Labour Court Database __________________________________________________________________________________ File Number: CD87230 Case Number: LCR11209 Section / Act: S20(1) Parties: NYPRO LTD - and - FWUI |
Claim for an 8% increase in wage rates plus improvements in conditions of employment under the 26th wage round.
Recommendation:
5. The Court has considered the submissions made by the parties
and recommends as follows:-
(a) an increase of 6% with effect from the 1st January, 1987, in
respect of an agreement to last until 31st December, 1987.
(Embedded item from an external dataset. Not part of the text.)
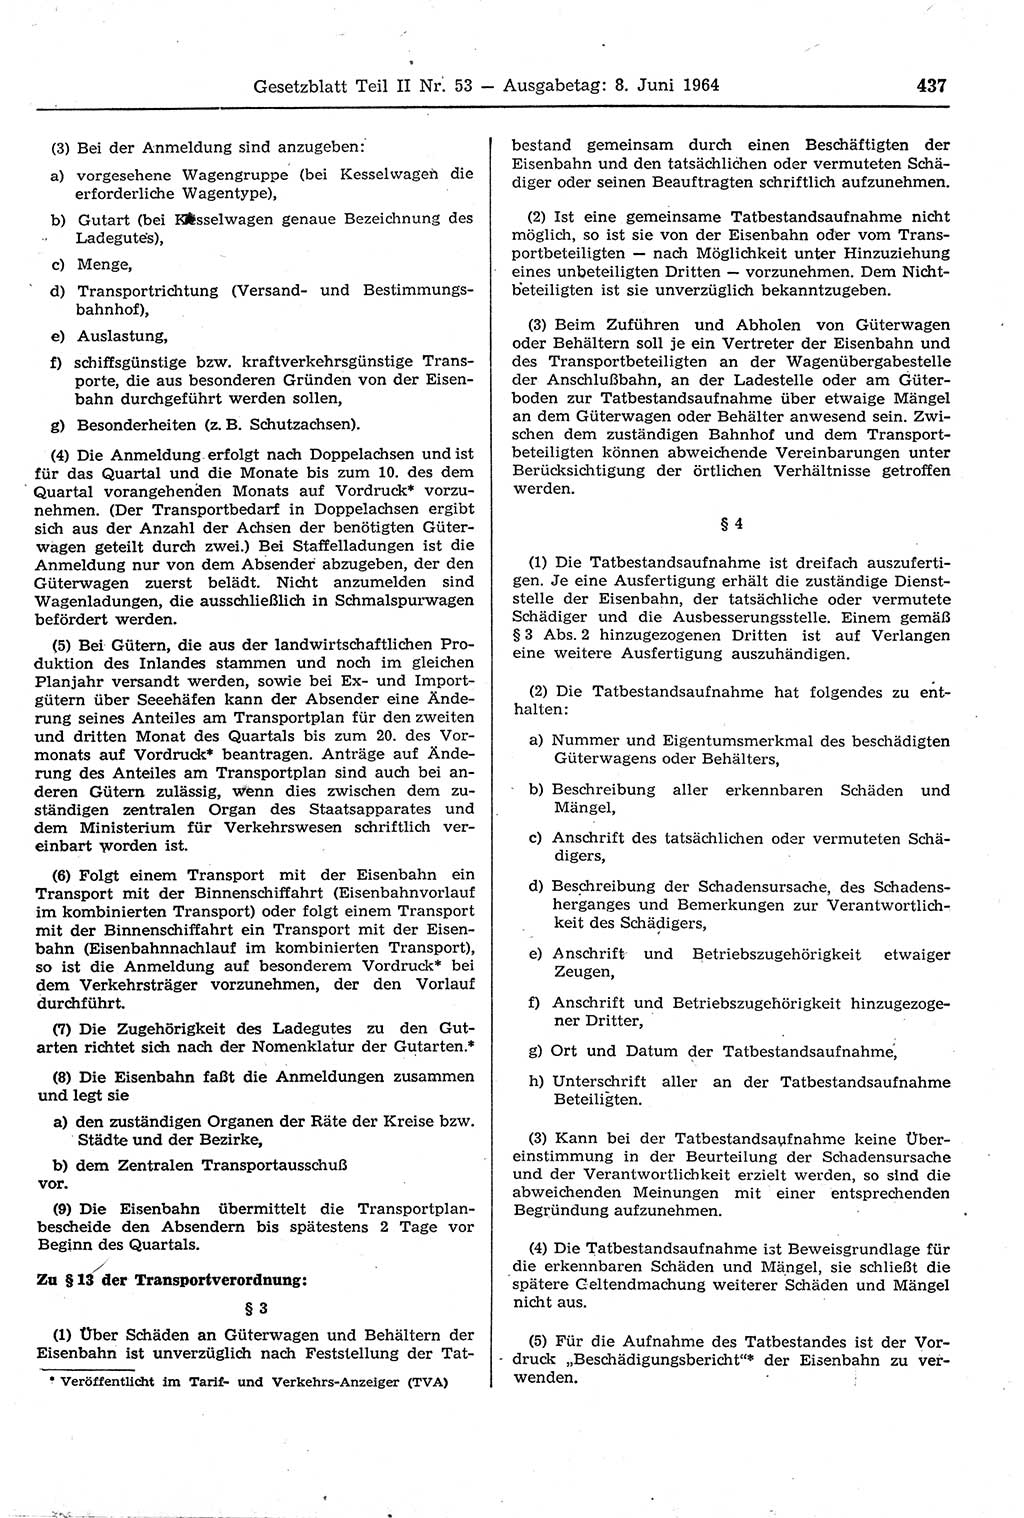 Gesetzblatt (GBl.) der Deutschen Demokratischen Republik (DDR) Teil ⅠⅠ 1964, Seite 437 (GBl. DDR ⅠⅠ 1964, S. 437)

(b) that the parties negotiate directly on the terms of the sick
pay and pension schemes.
(c) the Court does not recommend any change in the overtime
arrangements in the context of the situation as it currently
exists.
Having regard to outstanding issues mentioned during the hearing,
the Court would be prepared to arrange for the services of an IRO
to assist in direct discussions between the parties.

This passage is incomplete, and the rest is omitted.